Are there toold to read the Transaction log file to see what has been written into it?
November 8, 2002 at 4:42 am
In the long term i would like Transaction Log to run as this is a production DB. So recovery would be crucial.
November 8, 2002 at 5:38 am
To look at what is in the Transaction Log you can use a tool like LogExplorer which is very easy to understand, just a bit pricey. Or as posted in another thread
quote:
DBCC LOG is an undocumented command for reading from a log file. You can find some limited documentation on it in Ken Henderson's Guru's Guide to Transact SQL. The command has the following format:DBCC LOG ('database'[, format])
"[D]atabase" is the name of the database whose log you wish to view. "[F]ormat" is an integral value between 0 (the default) and 4 that specifies different formats for the output; different formats provide different levels of detail, with higher numbered formats generally providing higher level of detail, and usually greater levels of readability. The results tend to be cryptic, but a saavy DBA can interpret them, and can even use them to do what Log Explorer does, including undo-ing transactions. In fact, I've traditionally viewed Log Explorer as little more than a wrapper for this command, but newer versions of the product have persuaded me that it may be a worthwhile buy, thanks to additional features it provides; and of course, while one can certainly use DBCC LOG to figure out how to undo a command, Log Explorer makes it much simpler. In any case, DBCC LOG is a great educational tool; it provides a lot of insight into how SQL Server performs various operations, how databases are physically structured, and how transactions work.
Matthew Burr
Now for the TL to still be growing there has to be something causing transactions. I would suggest using Profiler and filter for that database to catch all TSQL Stmts. This should then give you can idea as to what is happening and with account names listed and app names listed, some idea of what is causing it.

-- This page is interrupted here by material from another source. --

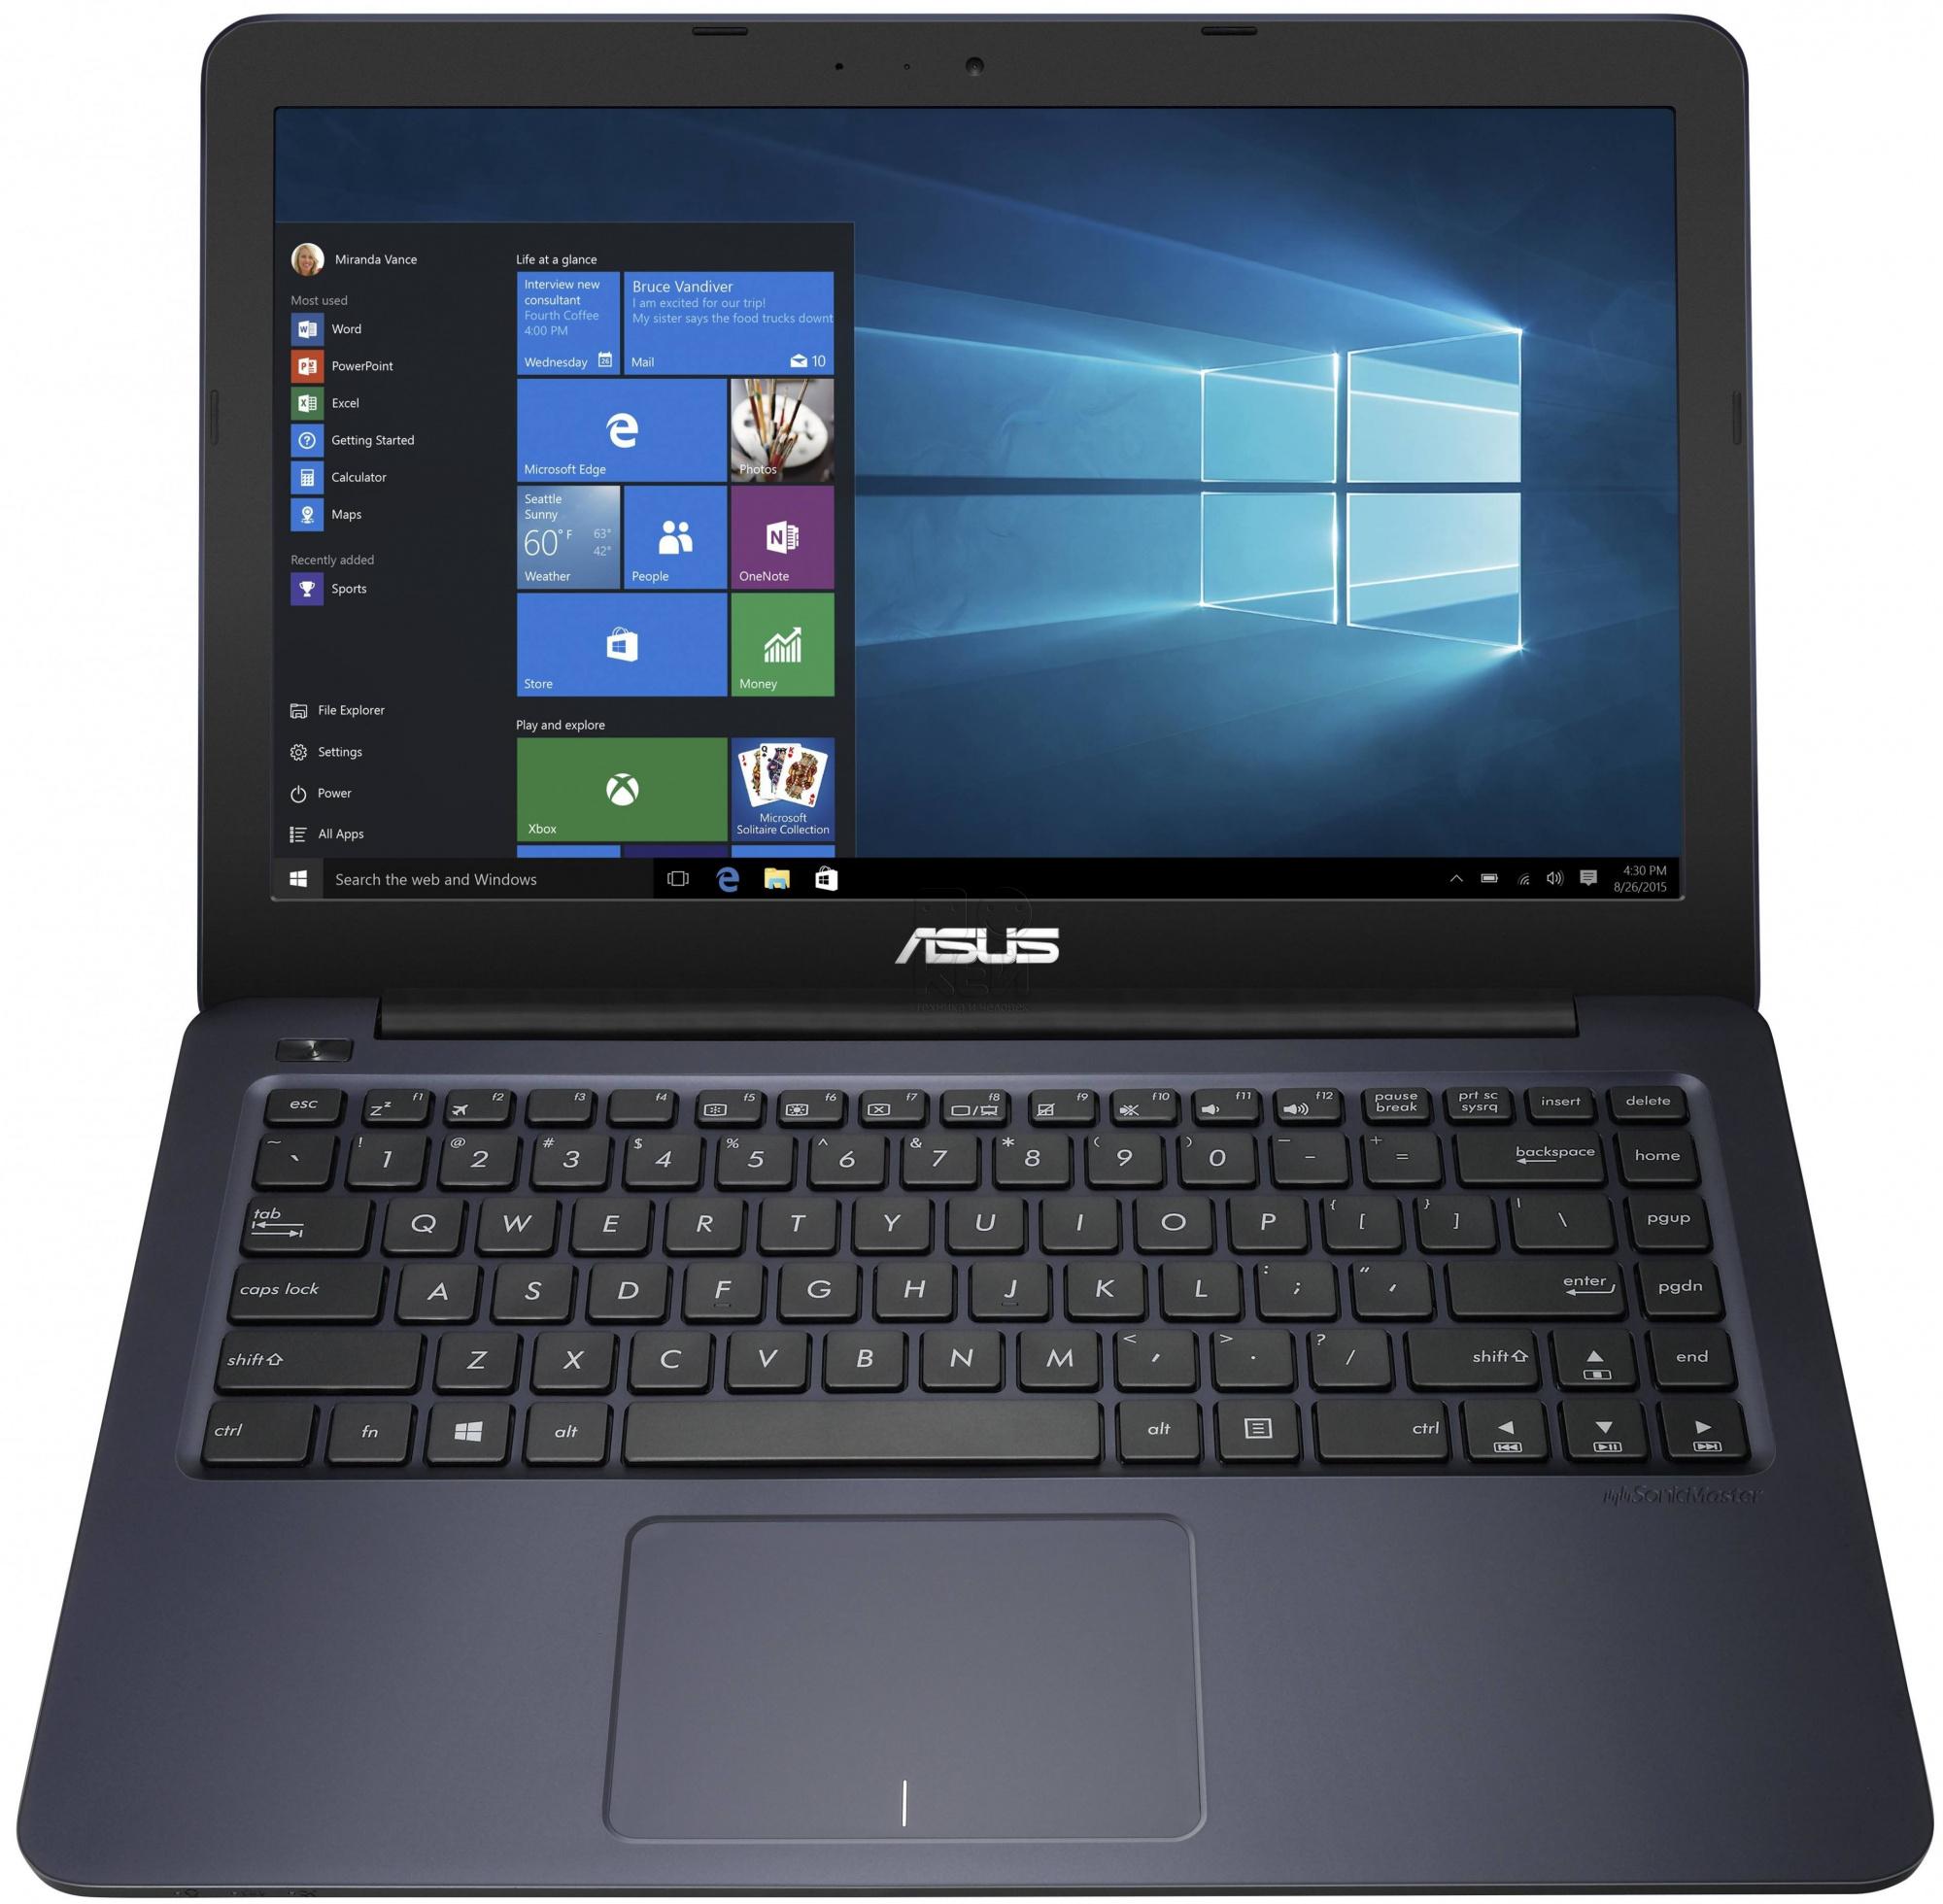 Ноутбук Asus E402SA-WX016T 14.0 Intel Celeron N3050 1.6Ghz, 2Gb, 32Gb SSD (90NB0B63-M00780) Black ноутбук asus k751sj ty020d 90nb07s1 m00320

November 8, 2002 at 7:13 am
Is it possible in someway that since this database use to run replication but now is not, it is still trying to replace the transaction?
From what I understand, there is no special events that causes extra transaction.
November 8, 2002 at 7:43 am
I don't believ so, could be triggers on the table you don't remember. But again your best bet to find the answers is to watch the DB with SQL Profiler and see what all is going on.
November 8, 2002 at 11:18 am
So if I have my theory right, things that will be written into a transaction log file would be write, delete and rollback transactions?
November 15, 2002 at 9:35 am
If you don't mind being evil (like me), just set a limit on the size you want the logfile to grow to. It sounds like it wouldn't be too long before something fails, that "something" might be your cause.
I find it hard to beleive a transaction log can grow to that size, that quickly without the amount of database activity being obvious.
Before you spend a few boring days staring at SQL Profiler, check your scheduled jobs (on this server, and any server that may feed into or out of this database on this server.) Your problem may just be an end of day, or an early morning job that causes this growth. This is activity that you won't see during the day.
-Ken
November 17, 2002 at 11:32 pm
would locks on database or tables causes transaction logs to grow? I realize that some of the clients have a time out connection to the database and at the same time, the transaction log file growns??
November 18, 2002 at 4:08 am
Generally no, locks prevent other activity from occurring against a referenced table until the process issuing the lock is complete. If a timeout occurrs of a process is deadlock and someone is victimized none of the requested changes for the timedout or vicitimizes connection are done and an error is sent back to the issuing client. No transactions in the database take place in regards to the connection that is timedout/vicitimized. There are some situations in which a deadlock may occurr during update with two or more connections in which partial transactions can have taken place and when victimized and the changes have to be rolledback.